I'll tell you one thing about time: Time is a pretty long time. It's longer than anything anyone has ever dreamed of before. So if it's just this...seems like an awful waste of time. Right?
What that afterlife is is anyone's guess, although I tend to think it's kind of like this world: what you make of it. See the film What Dreams May Come for a possible afterlife primer. Better yet, read the book by Richard Matheson.
Regardless of whether there's an afterlife or not, the one thing I can be reasonably certain of is that I'm going to die at some point. I think the mechanics of immortality are at least a couple of generations away: it'll be at least that long before we figure out how to upload consciousness, not to mention fashioning new bodies, bionic or otherwise, out of spit and stem cells.
So: at some point, a funeral. There's got to be music and lots of it: my life is full of music even in its silences. What music? I dunno. "Stairway to Heaven"'s way too obvious. So's "Spirit In The Sky" (although I like that one more). Please, spare me that old staple Amazing Grace. I never was a wretch and I absolutely detest the notion, widespread in many religions, that anyone who isn't of a particular faith is by definition a "wretch" or "blind". Or in need of "saving", for that matter.

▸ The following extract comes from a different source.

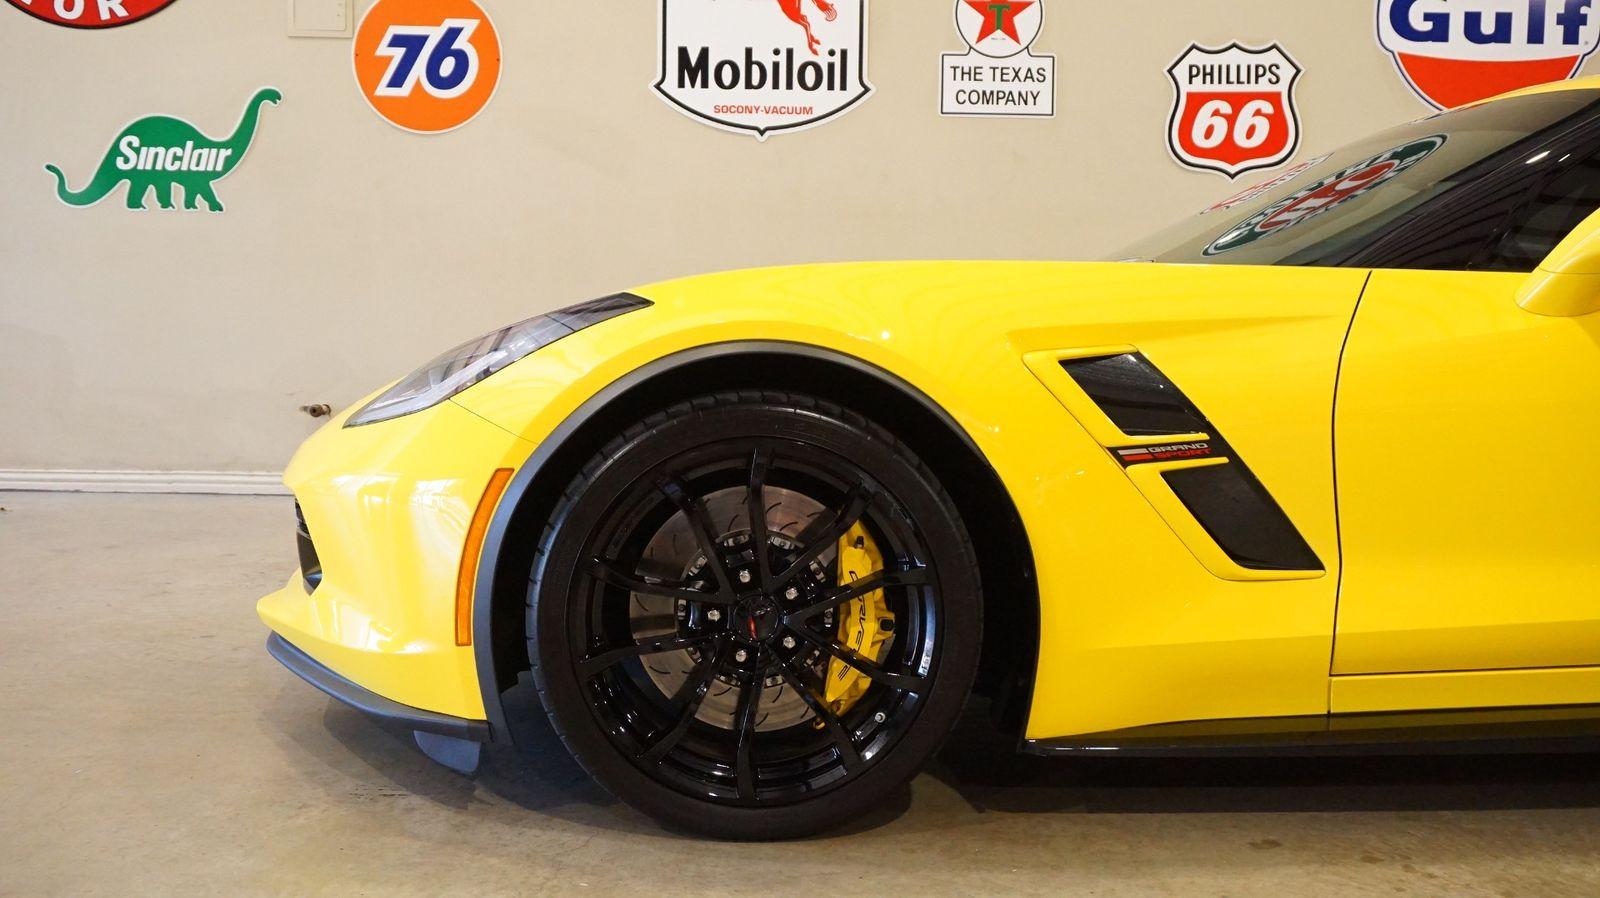 2017 Yellow Chevrolet Corvette Grand Sport 1LT | C7 Corvette Photo 5

If I was Scottish, I'd surely pick "Loch Lomond". But I'm not. If I was Australian I'd doubtless choose the song played at Steve Irwin's massive funeral, "Home Among the Gum Trees". But I'm not that, either.
I guess I'm going to have to write this stuff. I'll get around to it. Unless, of course, I die first.
1 comment:
I like yourself will be burned, no burial, no tombstone. How about Dear God by XTC ? ;o)
Even though I am an Atheist, I do "guess" that there is something else, some sort of afterlife, something. I love Contact, great film.